- Opening Delimiter -
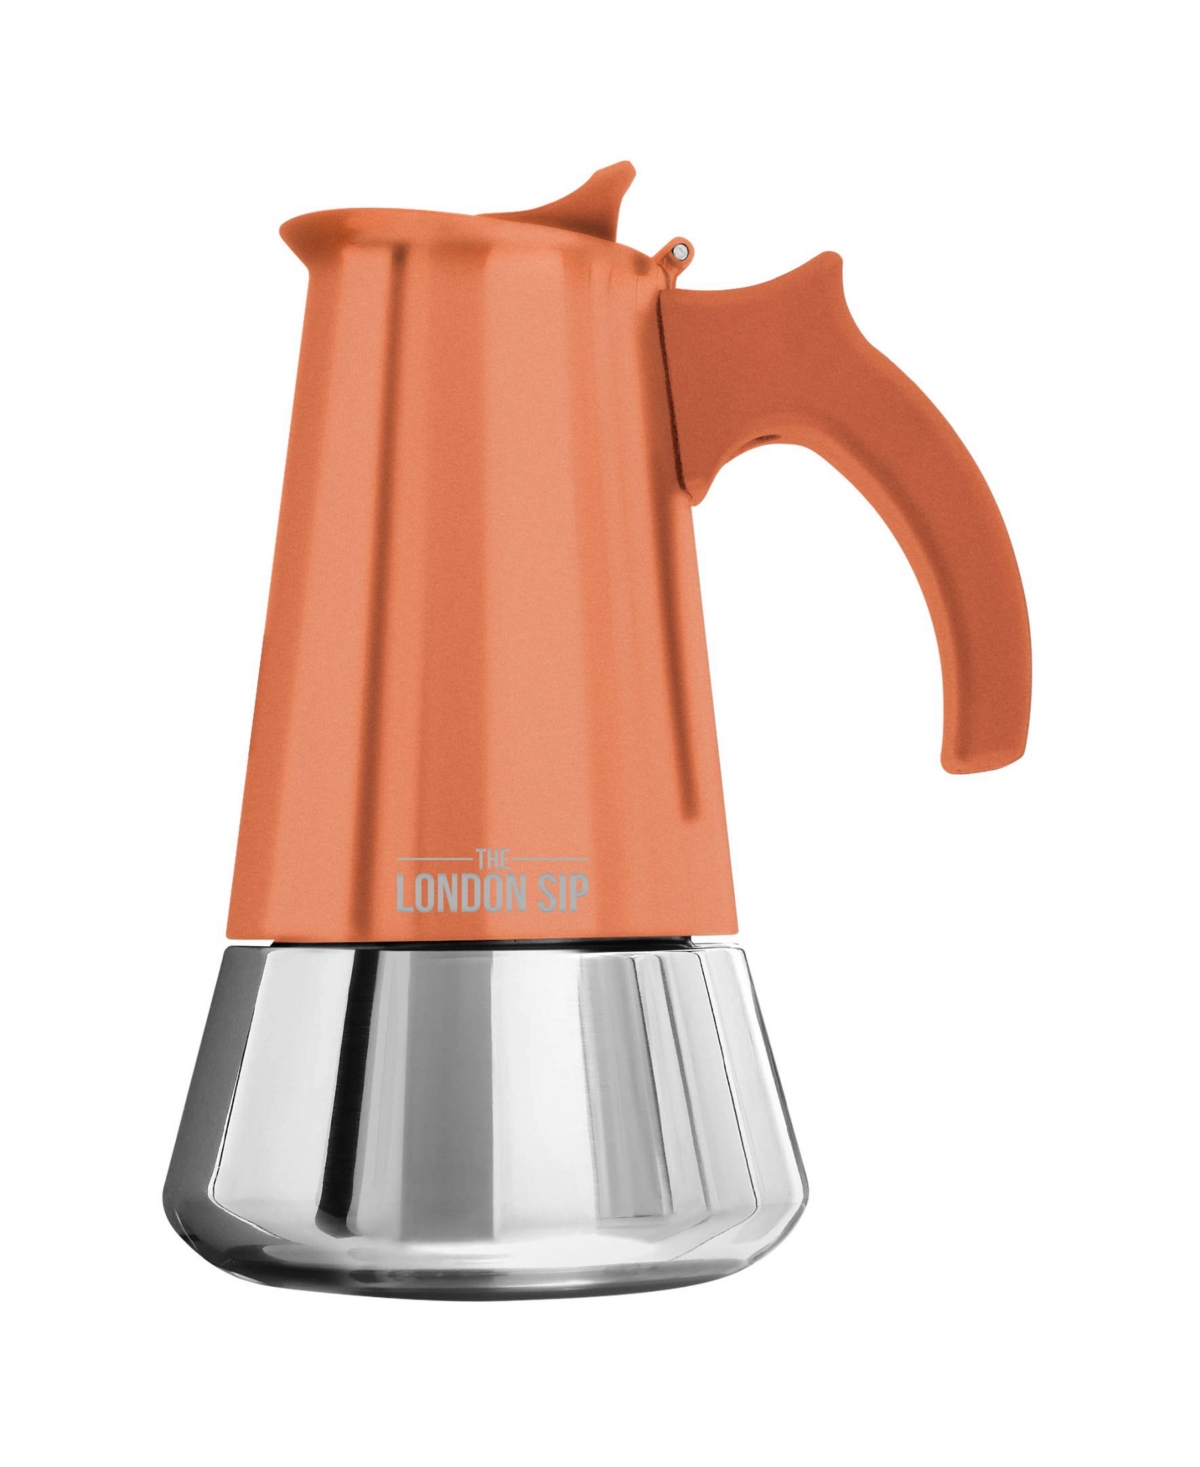 London Sip Stainless Steel Coffee Maker 3-cup In Copper
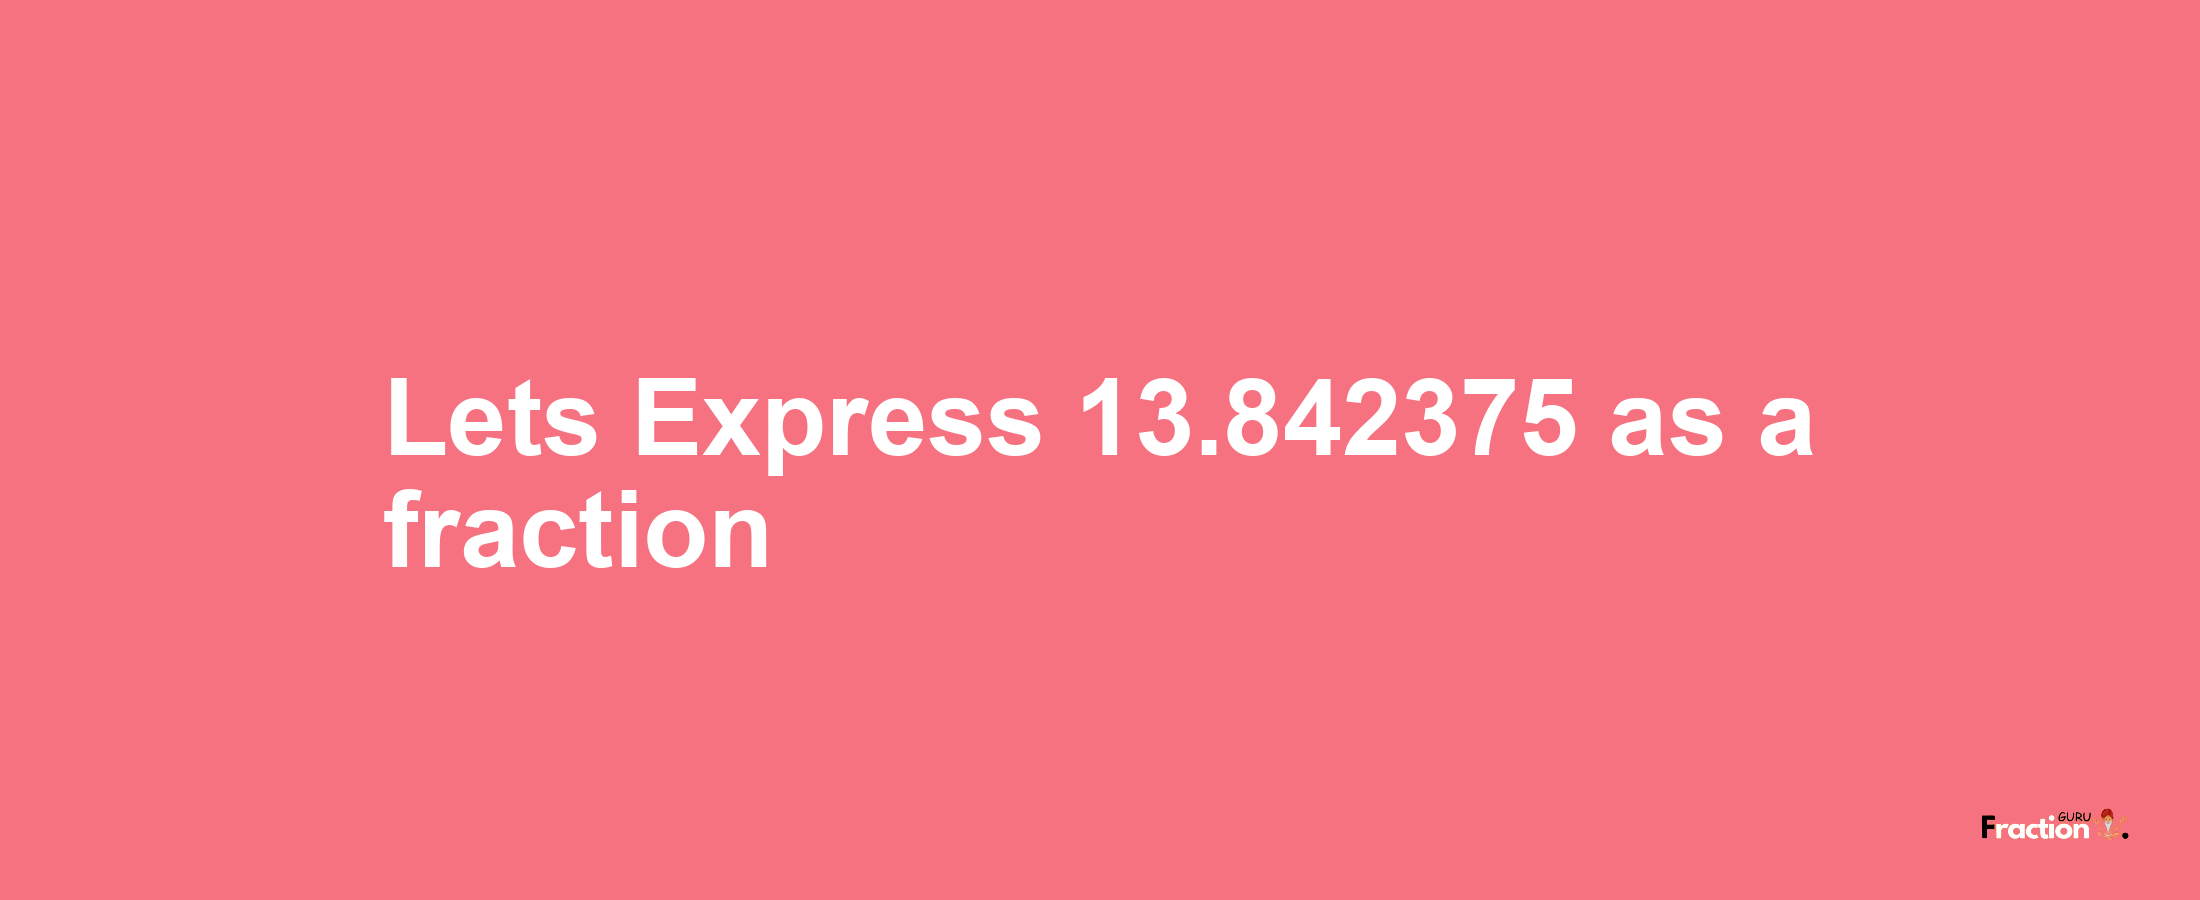 Lets Express 13.842375 as afraction
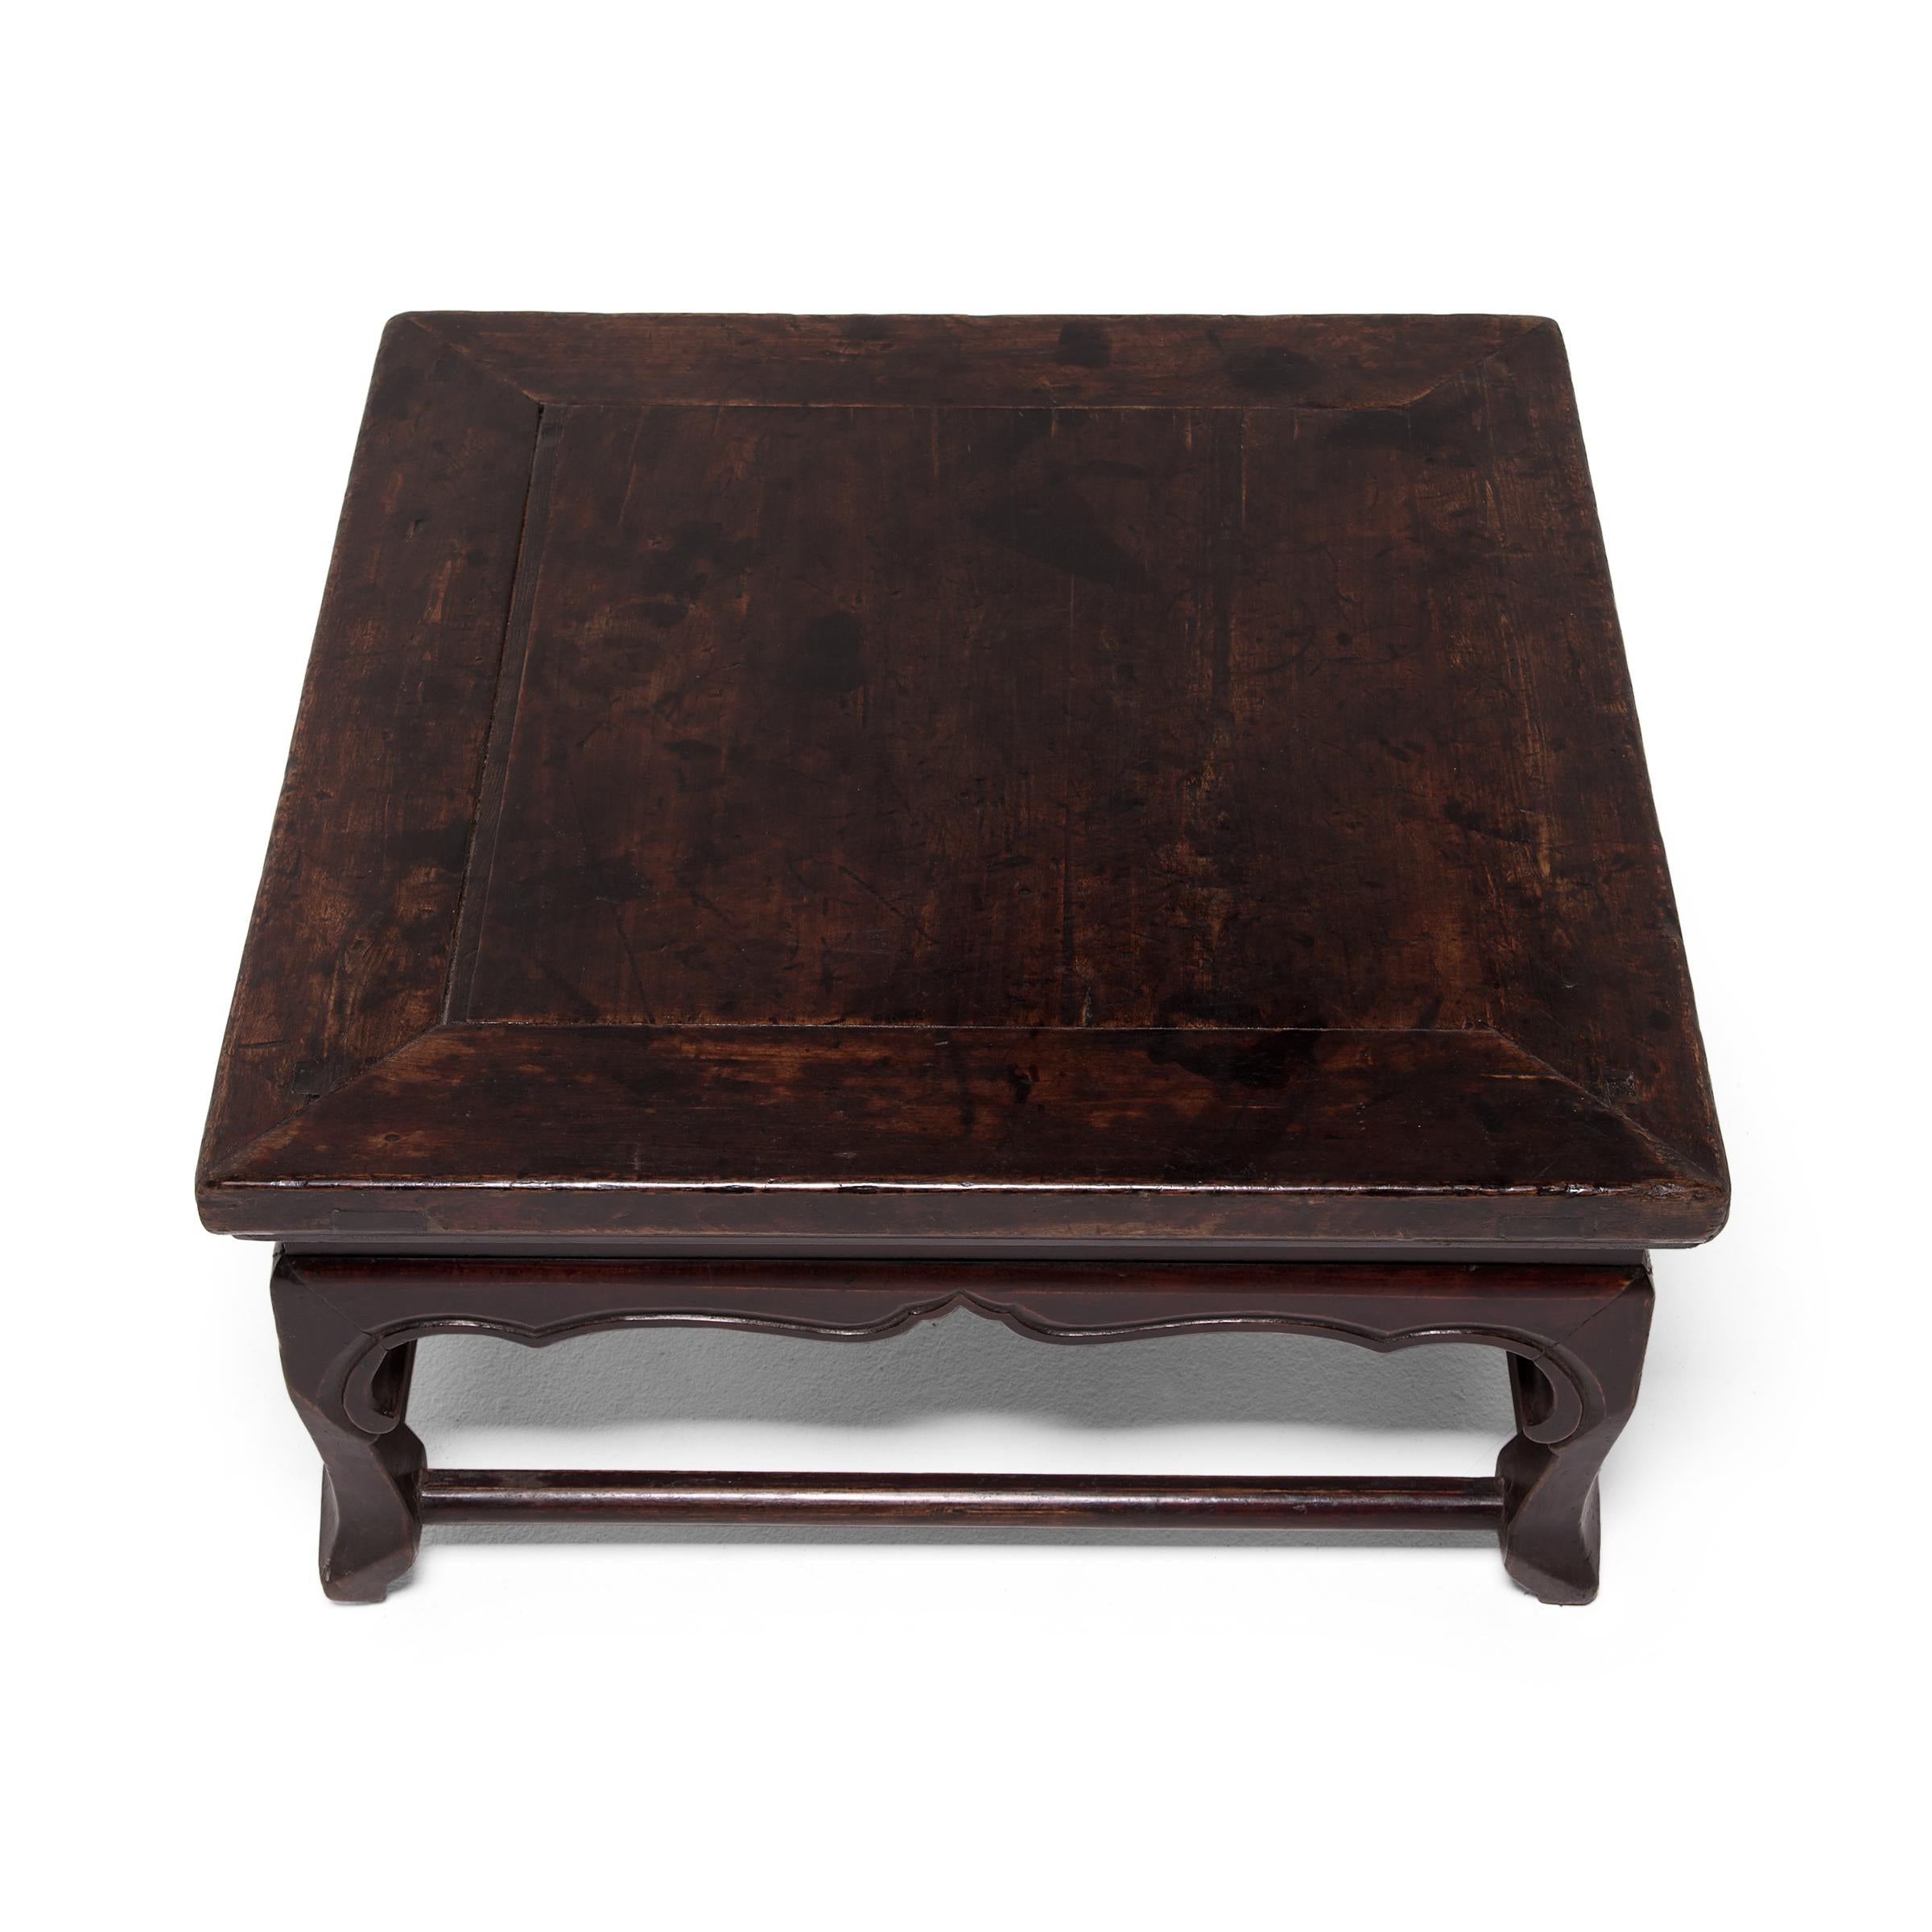 19th Century Chinese Low Waisted Kang Table, c. 1850
- Closing Delimiter -
__What is being asked__. Give back the material above exactly, without pictures.

__Solution to the exercise__.
 London Sip Stainless Steel Coffee Maker 3-cup In Copper
 Lets Express 13.842375 as afraction
 19th Century Chinese Low Waisted Kang Table, c. 1850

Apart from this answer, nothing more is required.